#### [Directions]
Strip out all images, then restate the data verbatim.

#### [Provided data]
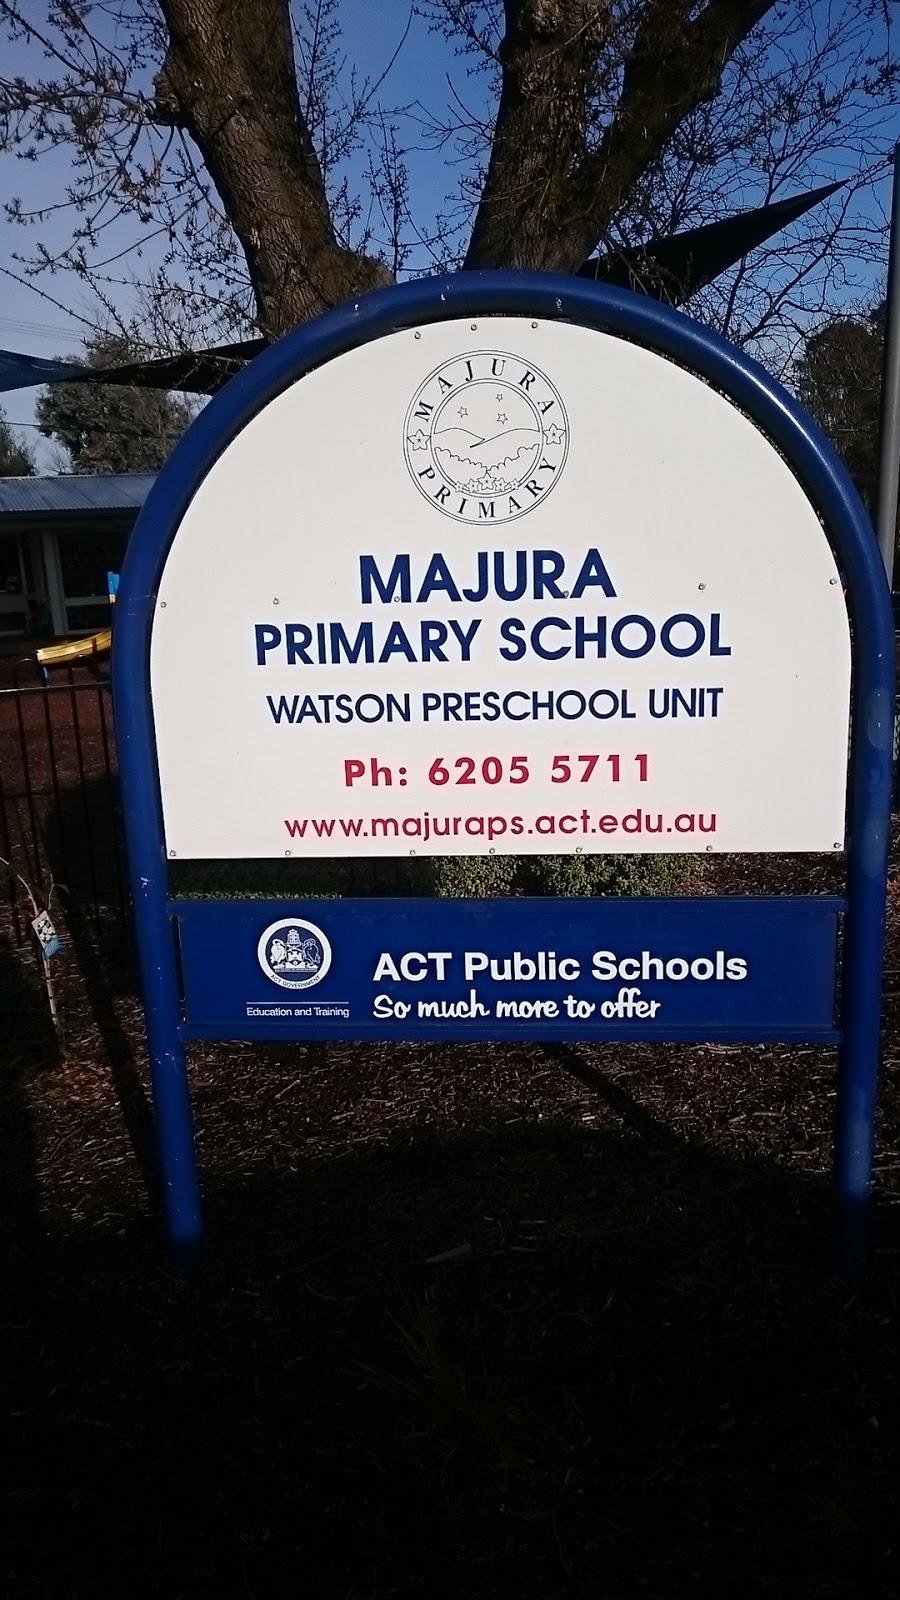 Majura Primary School - Watson Preschool Unit | school | 60 Knox St, Watson ACT 2602, Australia | 0262056605 OR +61 2 6205 6605
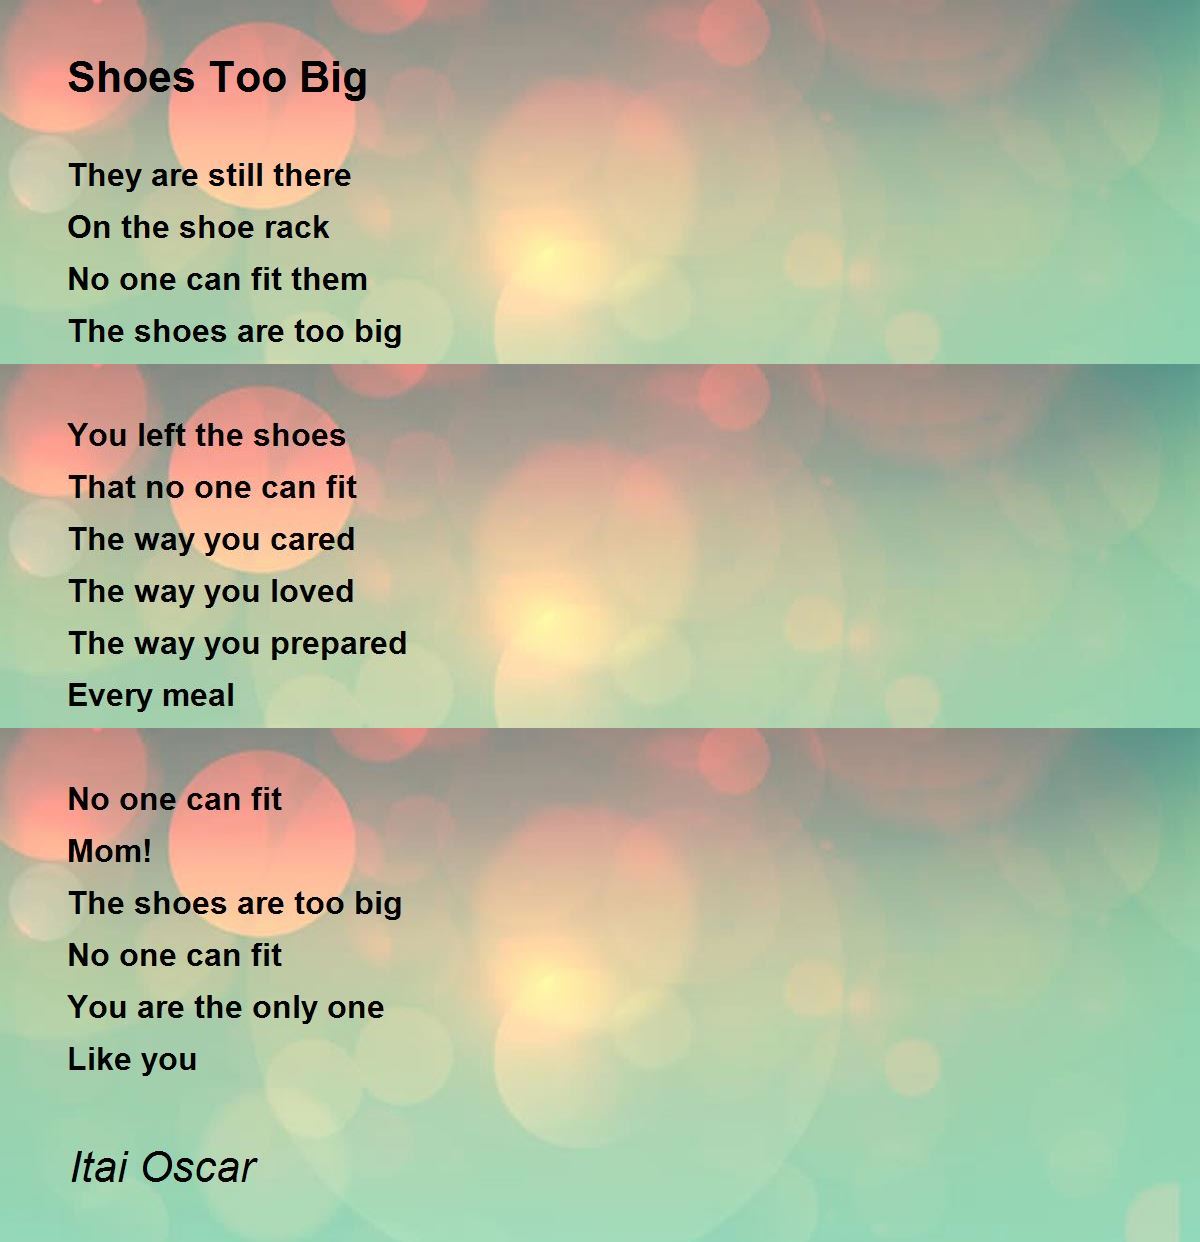 https://img.poemhunter.com/i/poem_images/435/shoes-too-big.jpg
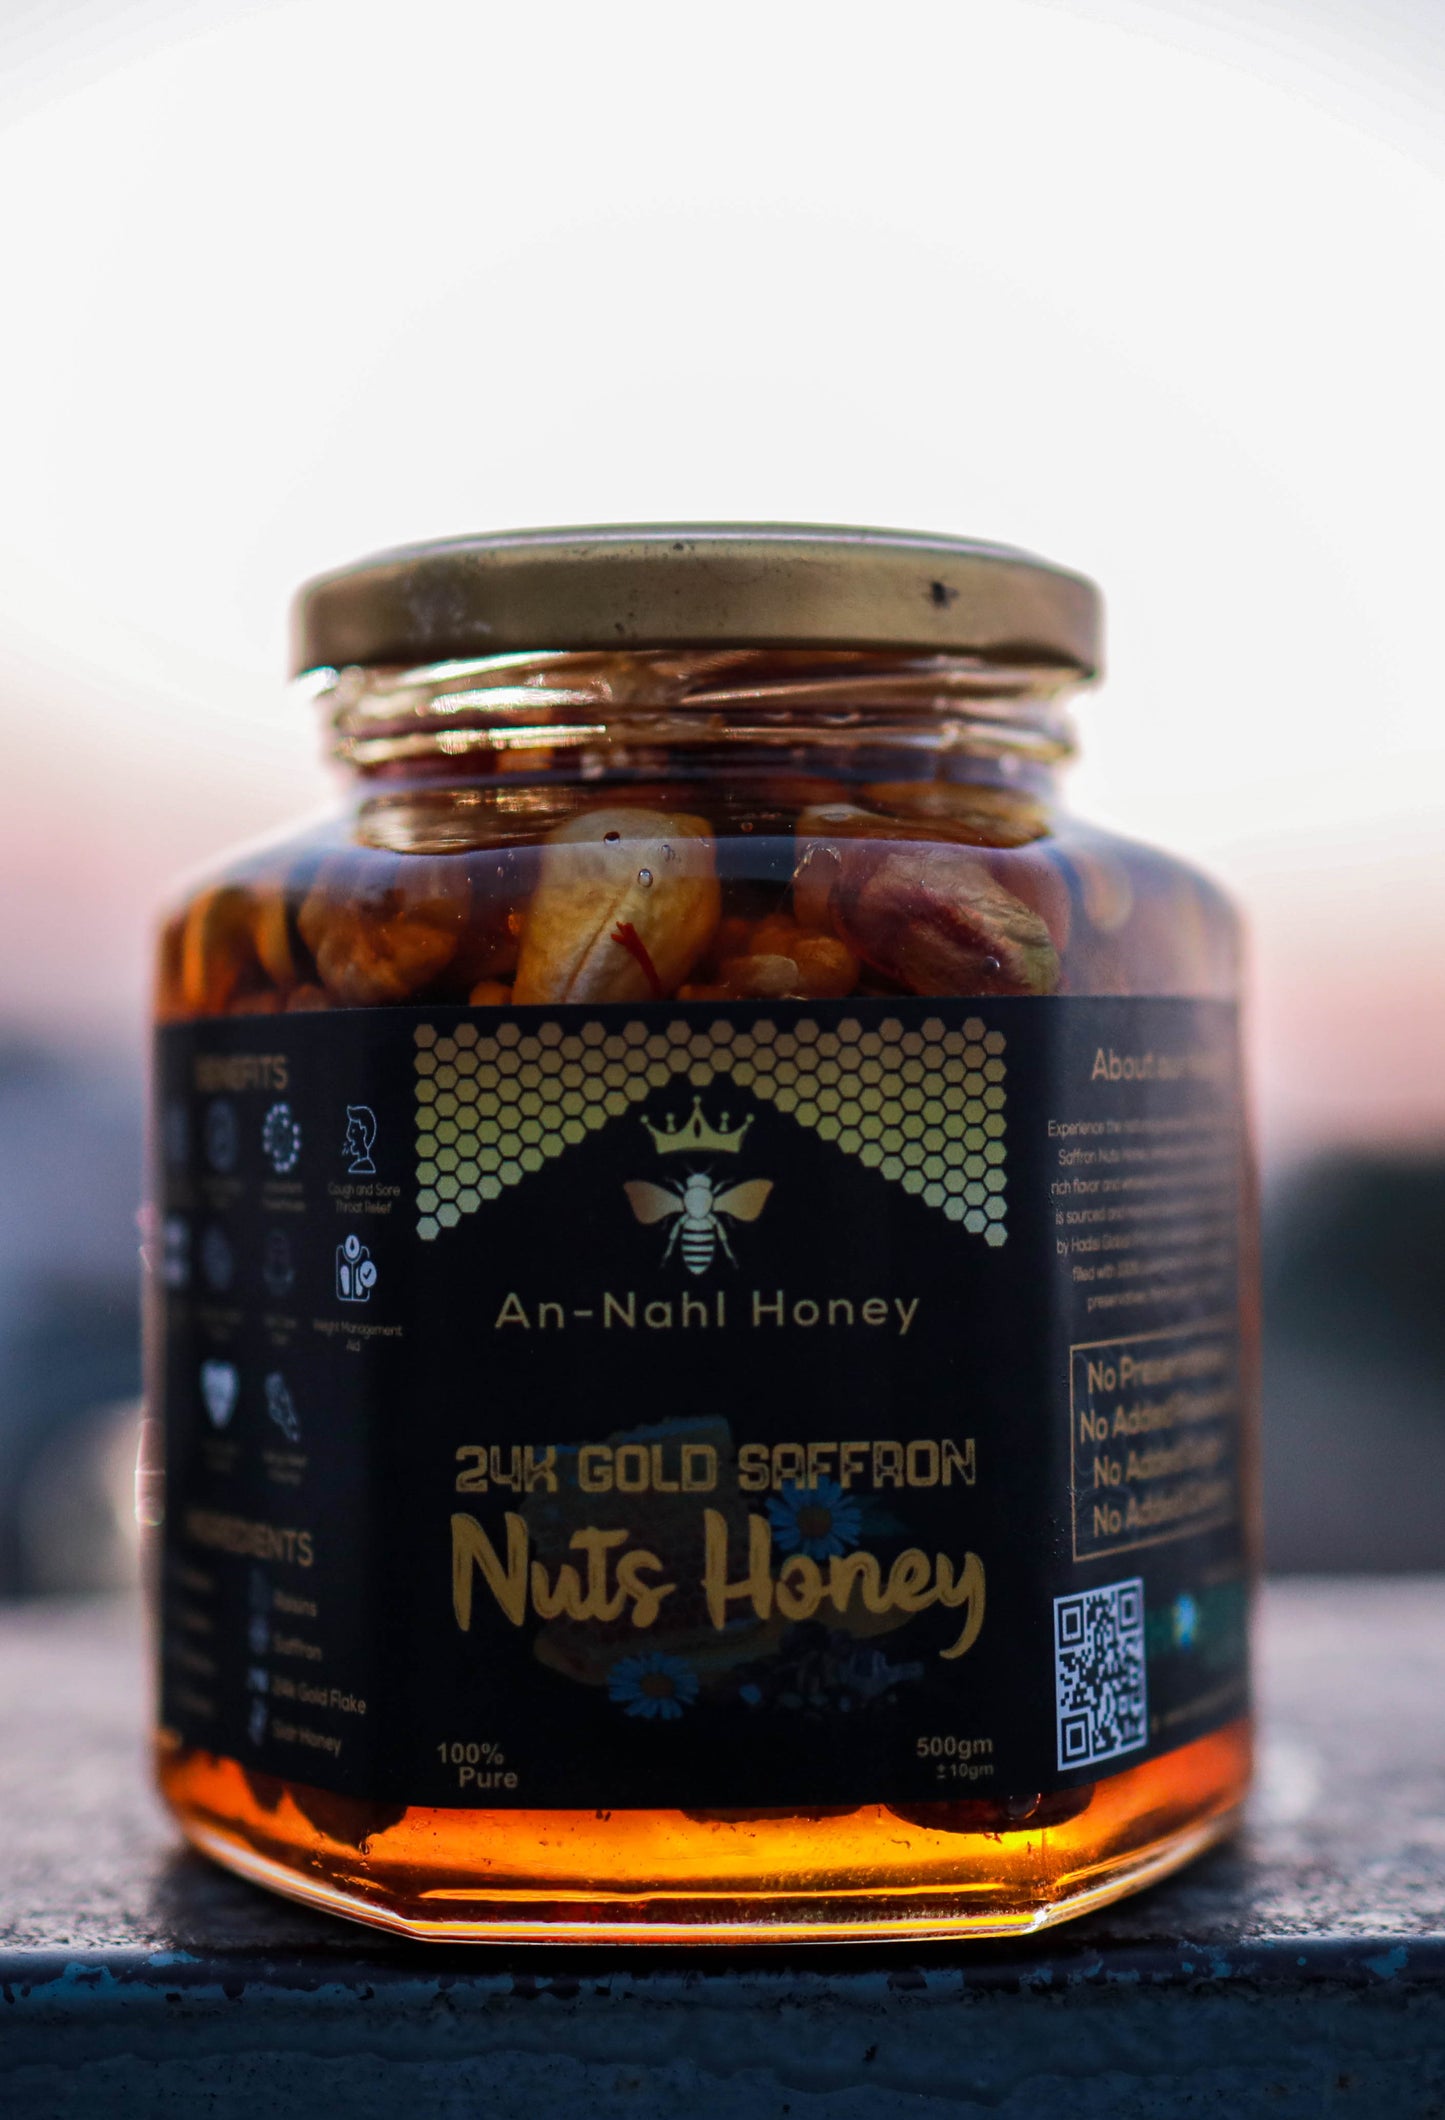 24k Gold Saffron Nuts Honey 500gm

#### [Exercise solution]
 Majura Primary School - Watson Preschool Unit | school | 60 Knox St, Watson ACT 2602, Australia | 0262056605 OR +61 2 6205 6605
 https://img.poemhunter.com/i/poem_images/435/shoes-too-big.jpg
 24k Gold Saffron Nuts Honey 500gm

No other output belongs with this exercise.